I am looking for freinds/companions MAYBE MORE for the right guy,in particualr also looking for GYM BUDDY/PARTNER to help and MOTIVATE me back into the gym after a recent back operation.

Many thnx for takling the time to read this profile, and if your in the same situation,IE also looking for GYM BUDDY, then why not contact me via this site,even if we just met for a pint or two,then take it from there.

Best Wishes.

Neil

x


----------



## IanUK1466867920 (Feb 16, 2004)

Welcome to the board mate, you might want to try online dating though :wink:


----------



## Guest (May 4, 2004)

welcome to the board neil,sorry mate carnt help u on that.

i aggree with ian

online datine would be better


----------



## Guest (May 9, 2004)

welcome, i dont know if there are any gym buddys in your area.

but good luck with the training when you find one


----------



## Dan* (May 6, 2004)

www.adultfriendfinder.com

________

Whole Life Insurance Forums


----------



## Guest (May 22, 2004)




----------



## AncientOldBloke (Dec 11, 2014)

@Gary29

Help this dude out.


----------



## Matt6210 (Feb 15, 2018)

AncientOldBloke said:


> @Gary29
> 
> Help this dude out.


 How the f**k you come accross this thread lol?


----------



## Sasnak (Oct 11, 2016)

I cannot believe @wylde99didn't have anything to do with this bump.

Op - you are now too old for me, sorry


----------



## Gary29 (Aug 21, 2011)

Too straight for me sorry, I'm out


----------



## AncientOldBloke (Dec 11, 2014)

Matt6210 said:


> How the f**k you come accross this thread lol?

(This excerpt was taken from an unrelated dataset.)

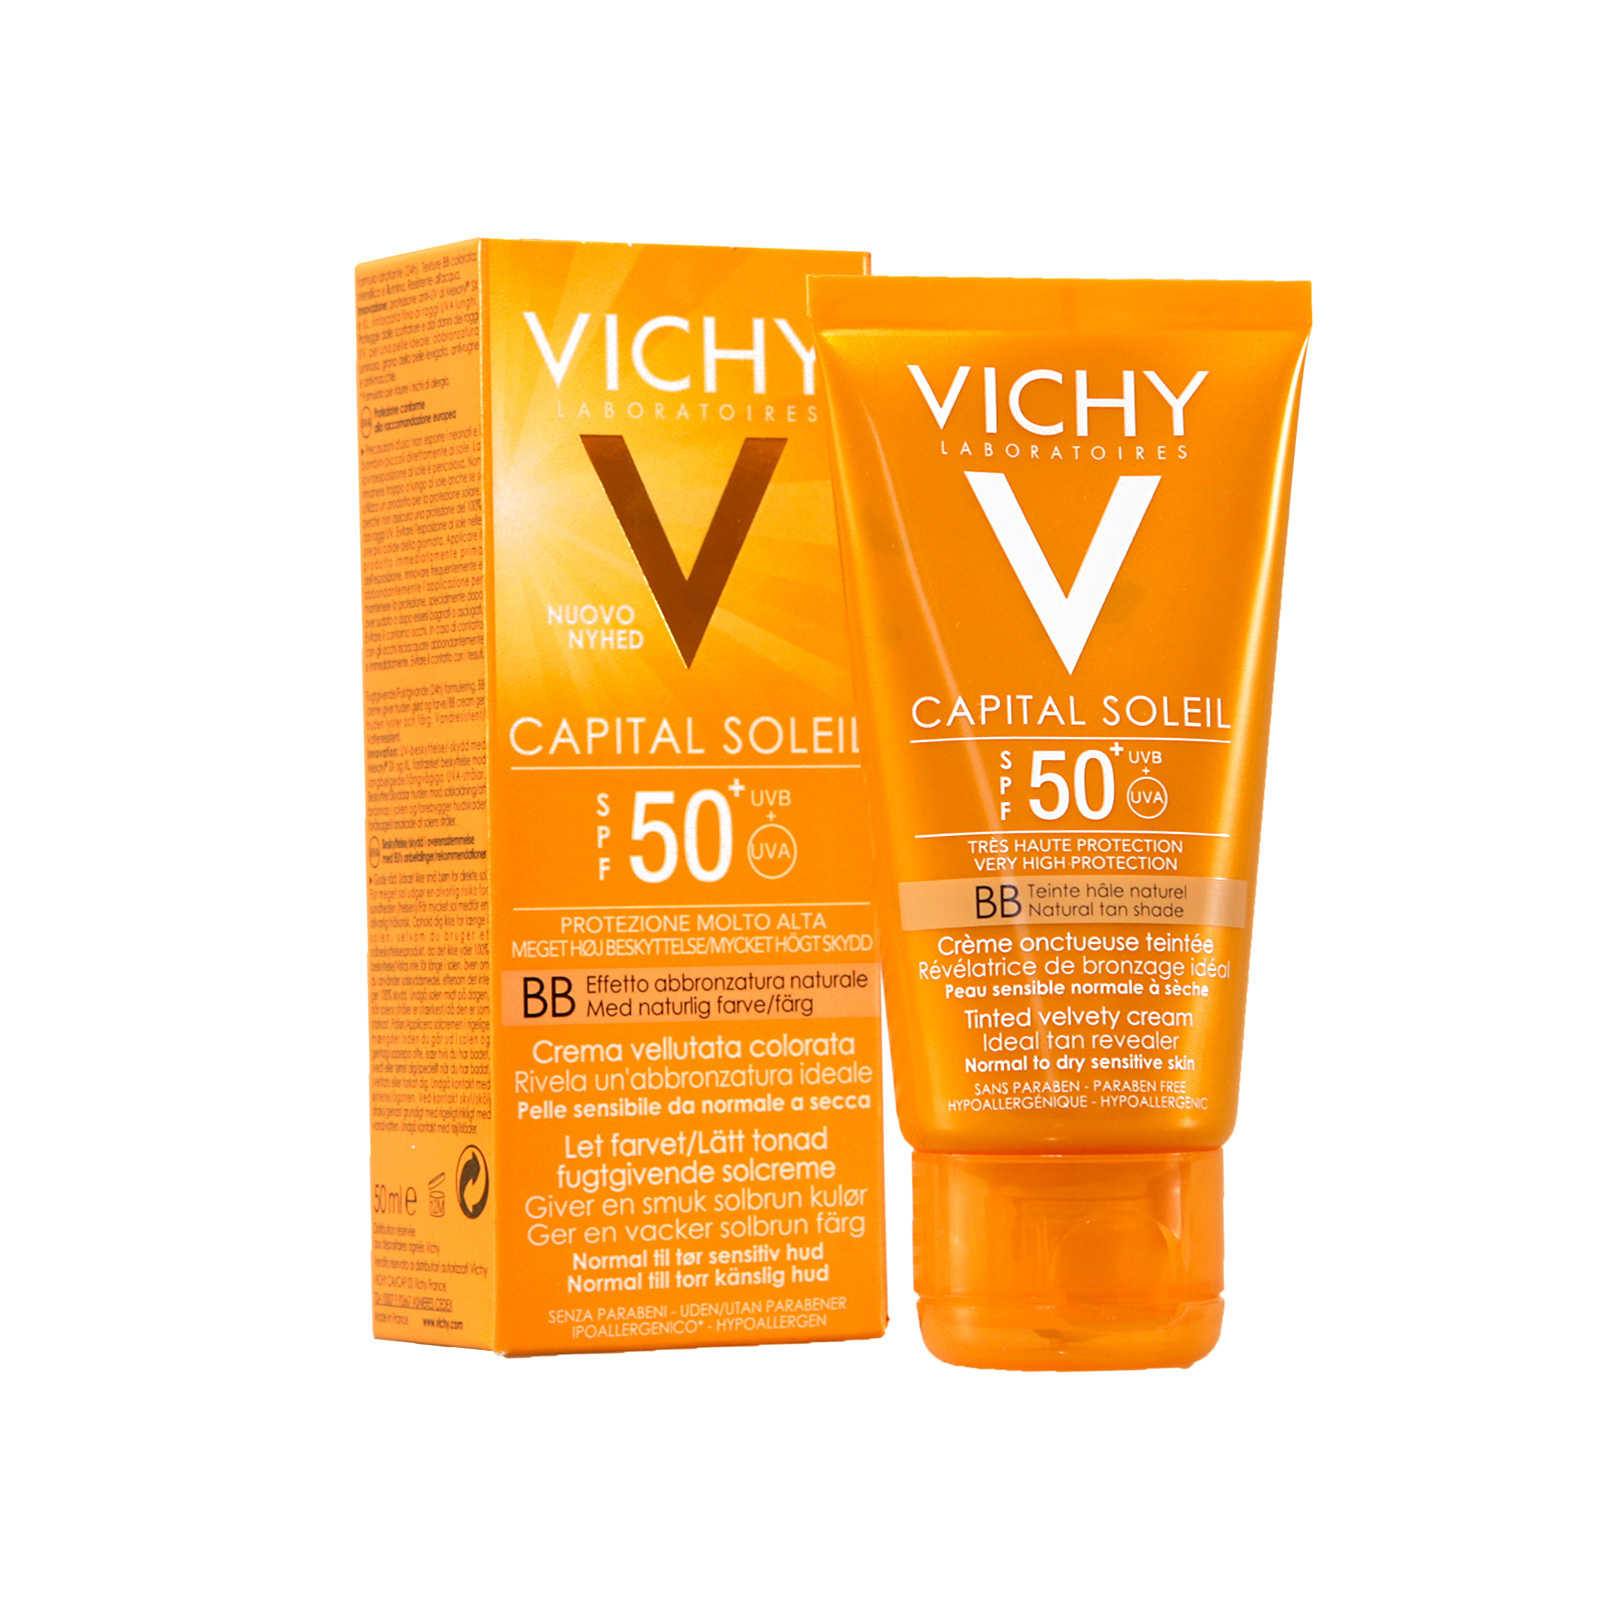 Vichy capital ideal soleil spf 50. Vichy SPF 50. Vichy СПФ 50. Vichy Capital Soleil SPF 50. Cc Vichy.

 I looked on the 2nd to last (or is it 2nd to first?) page.

Page 528.

2004 post.


----------



## Huntingground (Jan 10, 2010)

Haahaa, I used to drink in a boozer called The Claughton (in Ckaughton Village) in Birkenhead. Obviously would swerve this fella :thumb


----------



## Endomorph84 (Jan 21, 2016)

Haha, no way. I live not far from there.


----------